Für Reschke, aber auch den machtbewussten, kompromisslosen Dietrich, der den Aufstiegsmanager Jan Schindelmeiser zu Saisonbeginn zum Unwillen der Fans abgesetzt und Reschke installiert hatte, dürfte es die letzte Patrone sein. Längst ist jegliche Aufstiegseuphorie in Stuttgart weg, ebenso wie die Helden der 2. Liga – zuletzt war Torjäger Simon Terodde an Köln verkauft worden. Scheitert das Experiment mit Korkut, dürfte es in der 2. Liga erneut einen kompletten Wechsel der Führungsspitze setzen. Die Mehrheit im Netz jedenfalls misstraut nicht nur Korkut, sondern auch dem früheren Bahnsprecher Dietrich: „Er hat den Stuttgarter Bahnhof nach unten gebracht, und jetzt den VfB“, meinte ein Fan.
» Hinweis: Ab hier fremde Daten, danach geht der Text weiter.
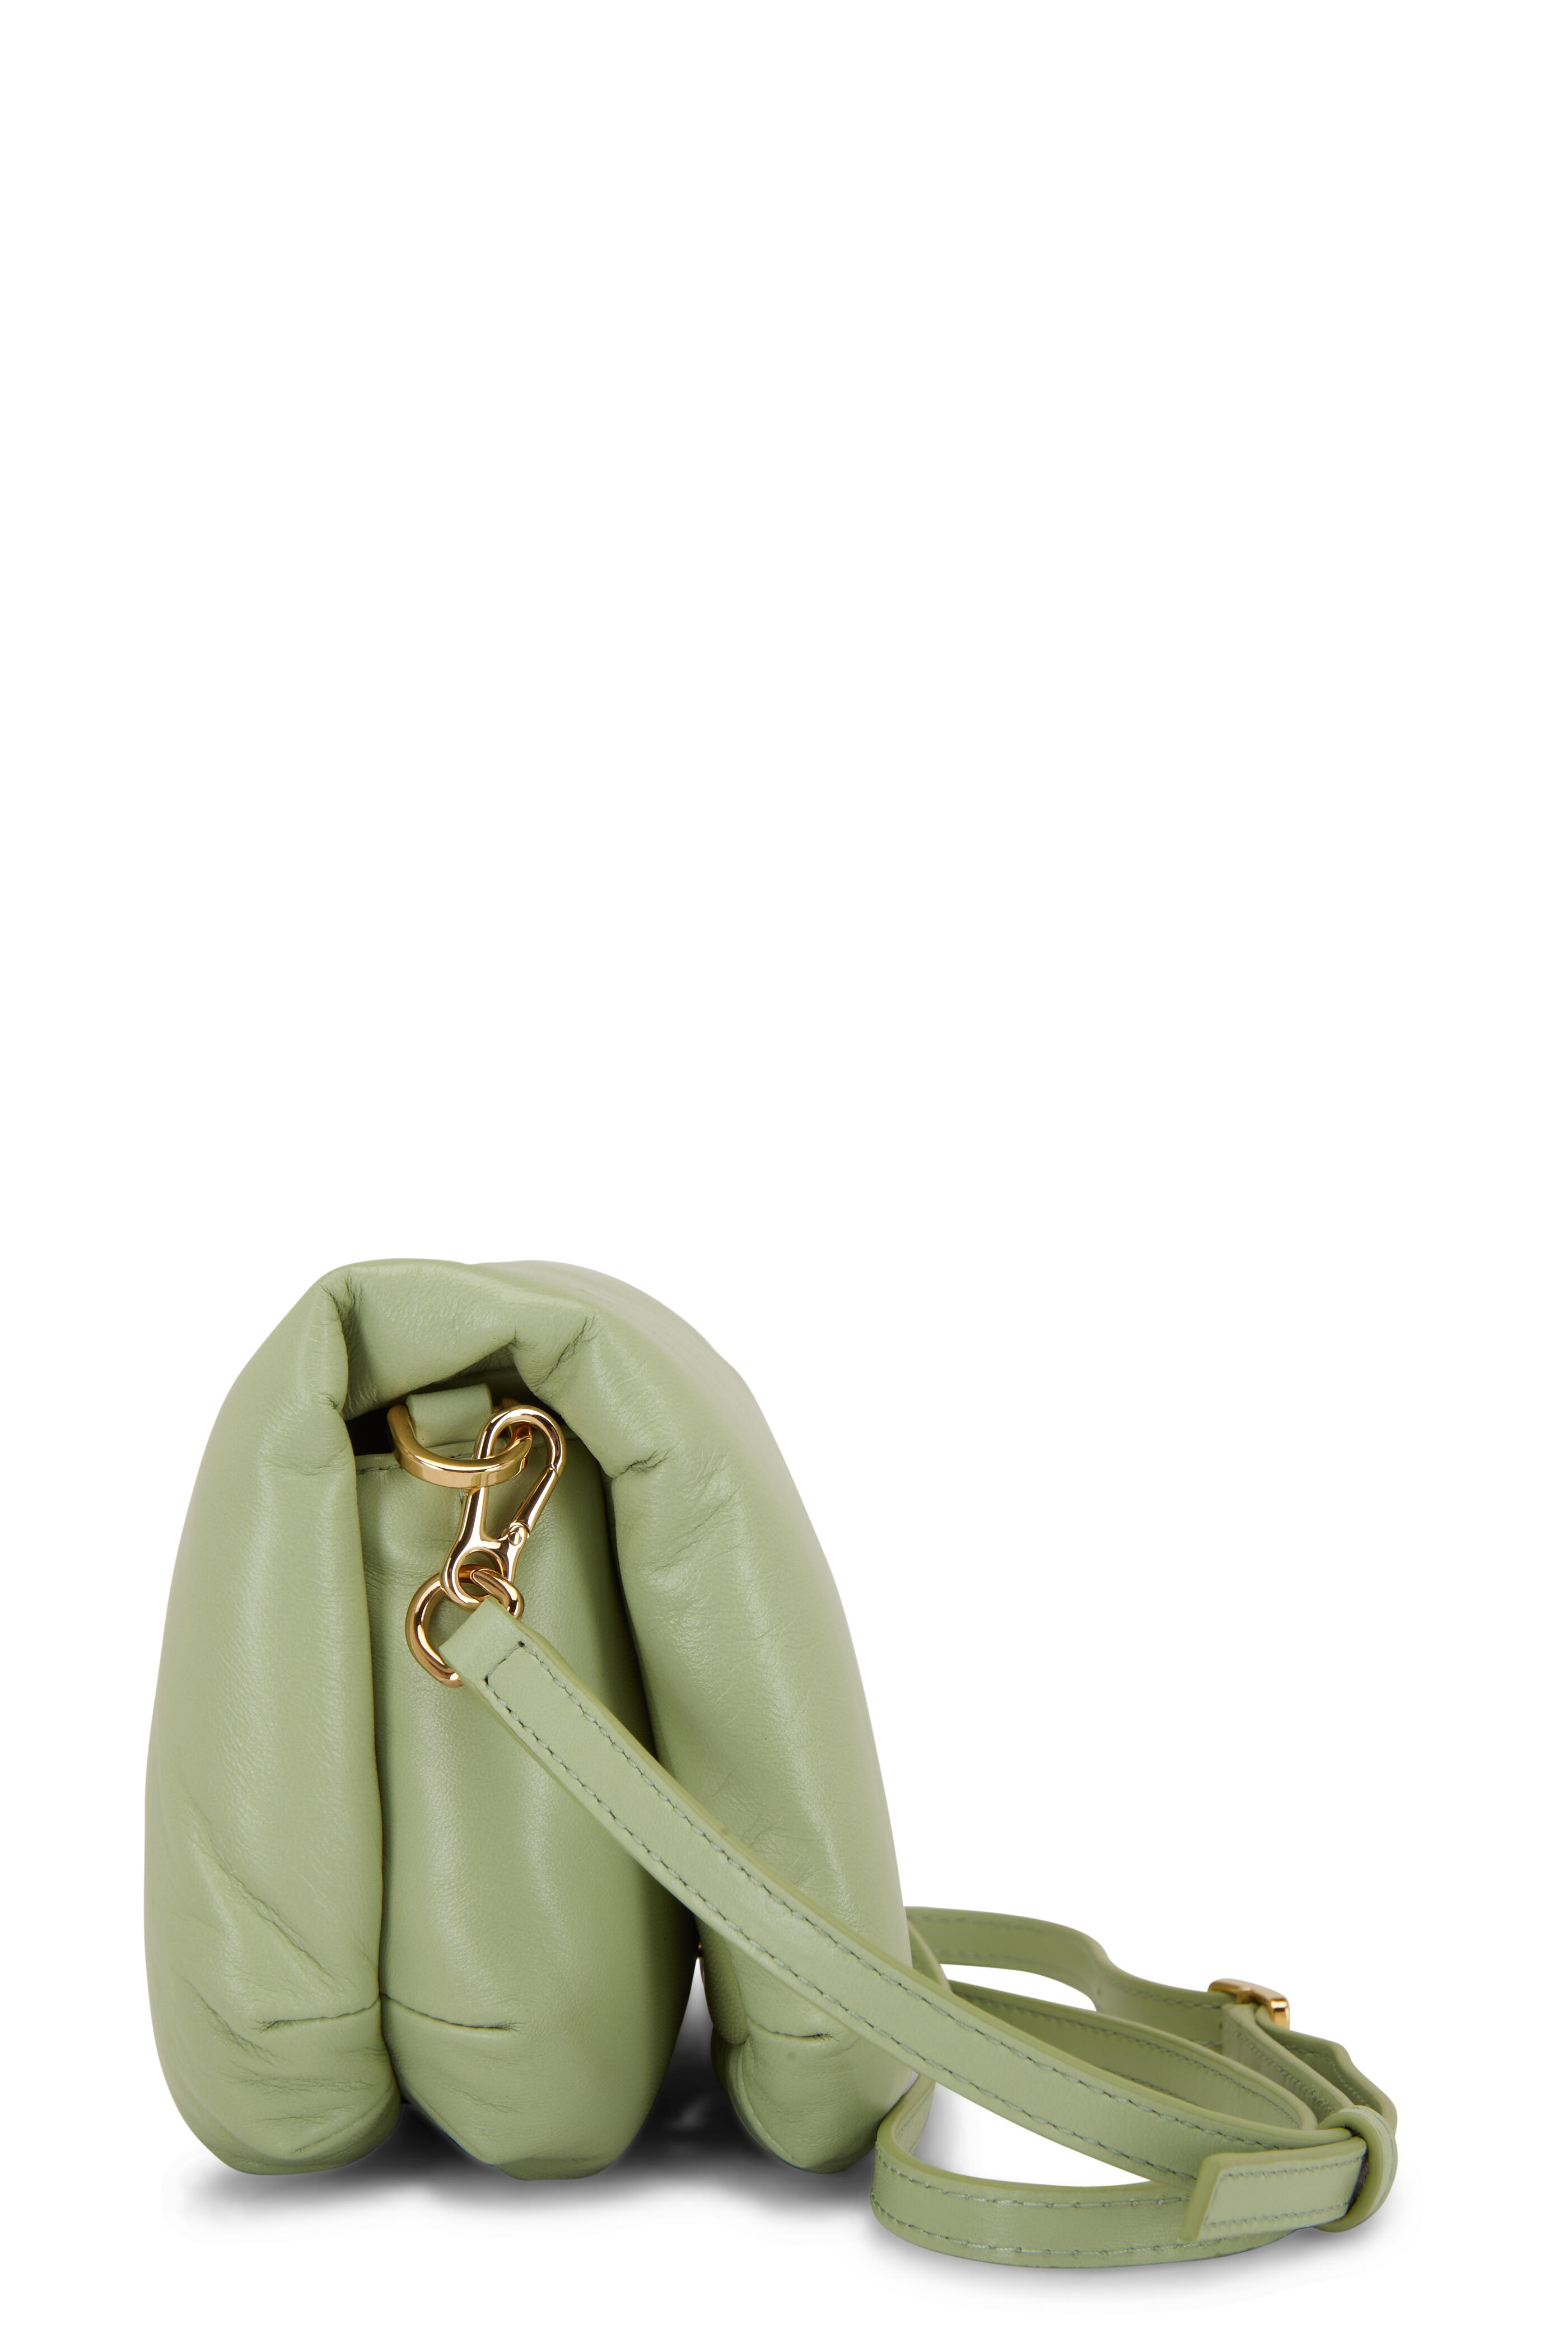 Buy Loewe Goya Puffer Mini Bag 'Lime Green' - A896W56X01 4280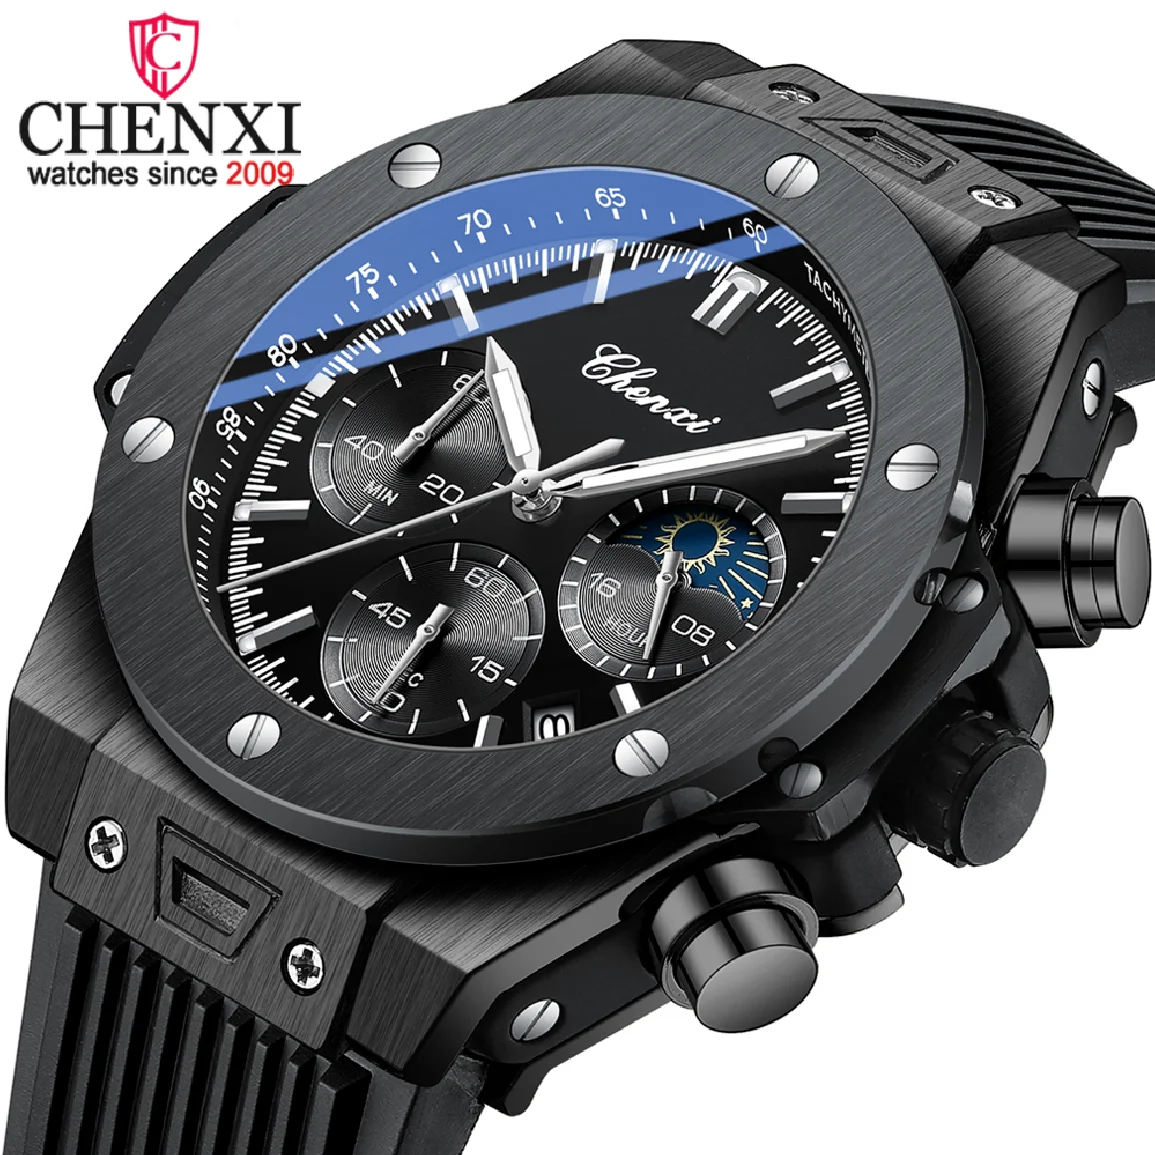 

Часы наручные CHENXI Мужские кварцевые, модные брендовые Роскошные спортивные с хронографом и большим циферблатом, с датой

Und in einer „Kicker“Umfrage gaben 60 Prozent dem Vorstand die Schuld an den VfB-Problemen – nur sieben Prozent Wolf.
Wie sehr auch die Mannschaft an ihrem Trainer hing, sah man an der Reaktion der Spieler. Reihum kondolierten die Spieler via Facebook bei Hannes Wolf. „Vielen Dank, dass Sie an mich geglaubt haben, für die Chance, die ich bekommen habe und dafür, dass ich dank Ihnen ein besserer Spieler geworden bin, der jetzt wieder für die Nationalmannschaft spielt“, schrieb Verteidiger Marcin Kaminski. Tayfun Korkut tritt ein schweres Erbe an.